The output looks like expected:

$ ansible-runner run --container-image demo/openshift-ee /tmp -m setup --hosts localhost
[WARNING]: No inventory was parsed, only implicit localhost is available
localhost | SUCCESS => {
    "ansible_facts": {
        "ansible_all_ipv4_addresses": [
            "192.168.178.114",
            "172.17.0.1"
        ],
        "ansible_all_ipv6_addresses": [
            "2001:9e8:4a14:2401:a00:27ff:febf:4207",
            "fe80::a00:27ff:febf:4207",
            "fe80::42:9eff:fef9:df59"
        ],
        "ansible_apparmor": {
            "status": "enabled"
        },
        "ansible_architecture": "x86_64",
        "ansible_bios_date": "12/01/2006",
        "ansible_bios_vendor": "innotek GmbH",
        "ansible_bios_version": "VirtualBox",
        "ansible_board_asset_tag": "NA",
        "ansible_board_name": "VirtualBox",
        "ansible_board_serial": "NA",
        "ansible_board_vendor": "Oracle Corporation",
        ...

Ansible Navigator

The ansible-navigator is text-based user interface (TUI) for the Red Hat Ansible Automation Platform. The Navigator also makes use of the Execution Environments and provides an easier to use interface to interact with EEs (than ansible-runner).
Install the ansible-navigator binary and its dependencies with the Python package manager:

pip3 install ansible-navigator

If you want to use the Navigator with EEs, you'll need a container runtime, install Docker or Podman an your system.

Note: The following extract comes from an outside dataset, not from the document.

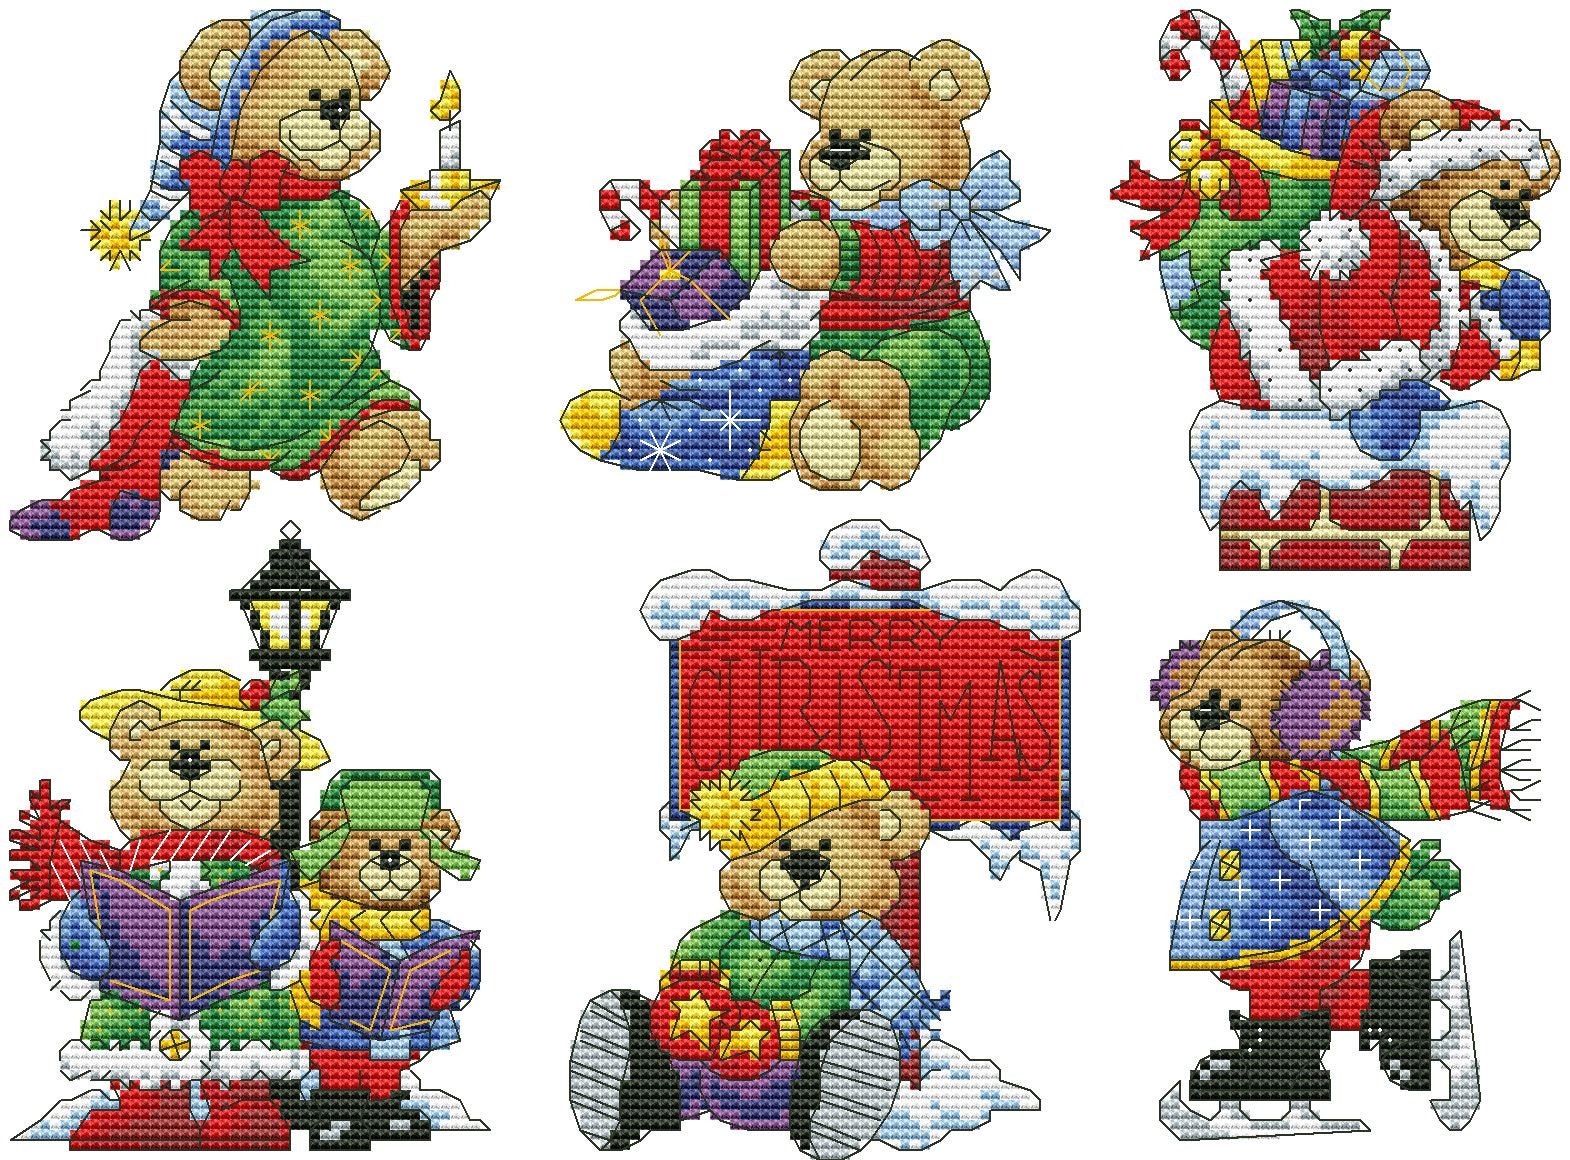 Christmas Cross Stitch Pattern Christmas Bears Ornaments Set - Etsy

With the Navigator you, for example, can inspect *all locally available Execution Environments

Take a look at the Playbooks section on how to run playbooks in Execution Environments with the Navigator.

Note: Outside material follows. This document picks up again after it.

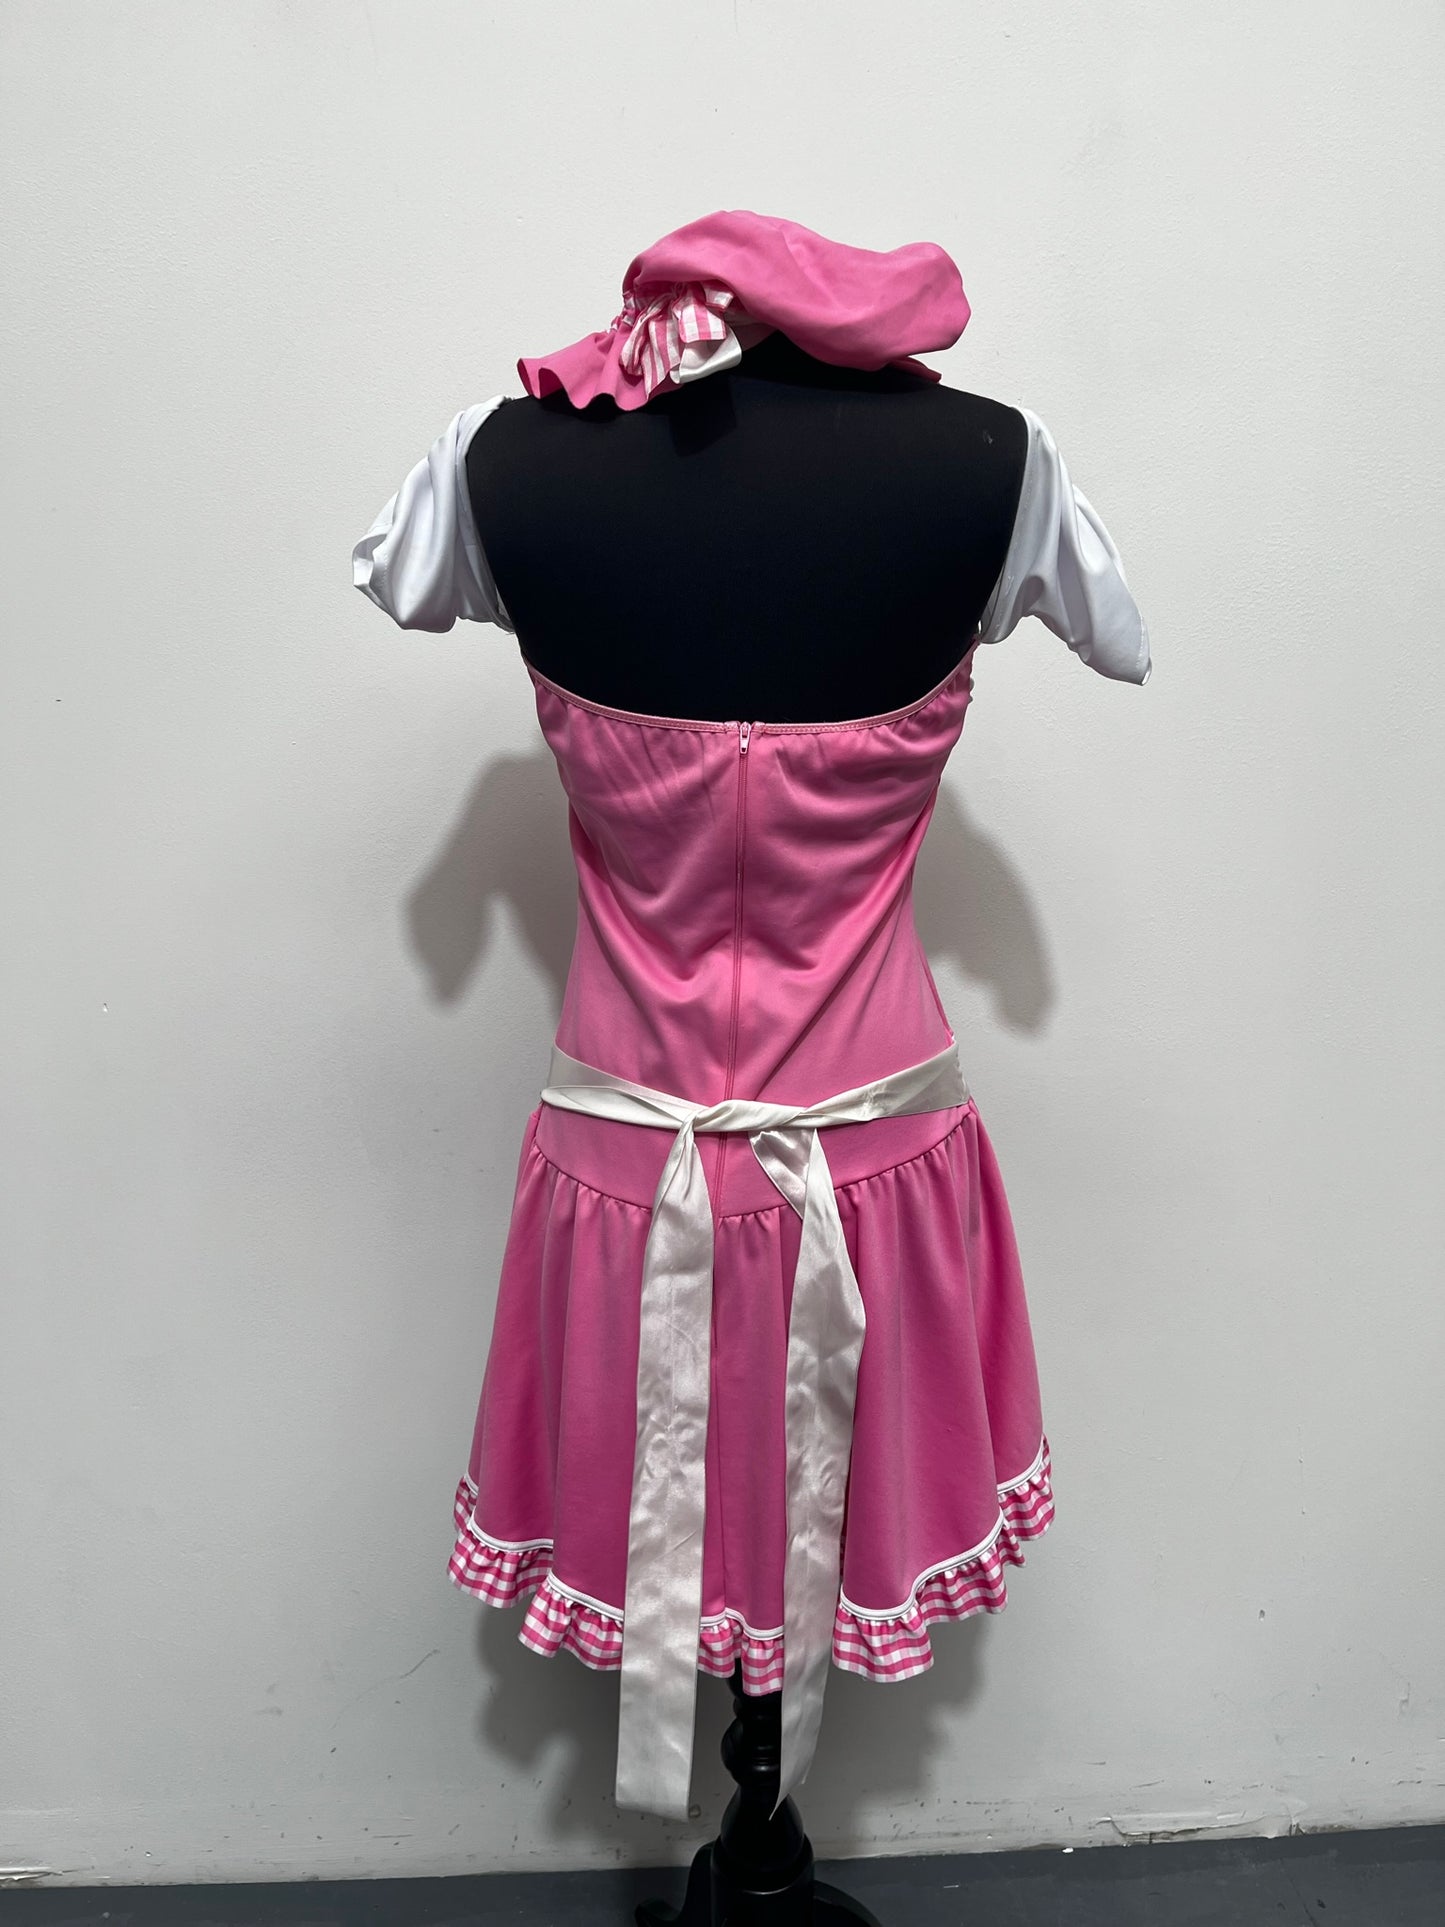 Pink Little Miss Muffet Dress Size M/L - Ex hire

Some ansible-navigator commands map to ansible commands (prefix every Navigator command with ansible-navigator):

Navigator command Description
exec -- ansible ... Runs Ansible ad-hoc commands.
builder Builds new execution environments, the ansible-builder utility is installed with ansible-navigator.
config Explore the current ansible configuration as with ansible-config.
doc Explore the documentation for modules and plugins as with ansible-doc.
inventory Inspect the inventory and browser groups and hosts.
lint Runs best-practice checker, ansible-lint needs to be installed locally or in the selected execution-environment.
run Runs Playbooks.
exec -- ansible-test ... Executes sanity, unit and integration tests for Collections.
exec -- ansible-vault ... Runs utility to encrypt or decrypt Ansible content.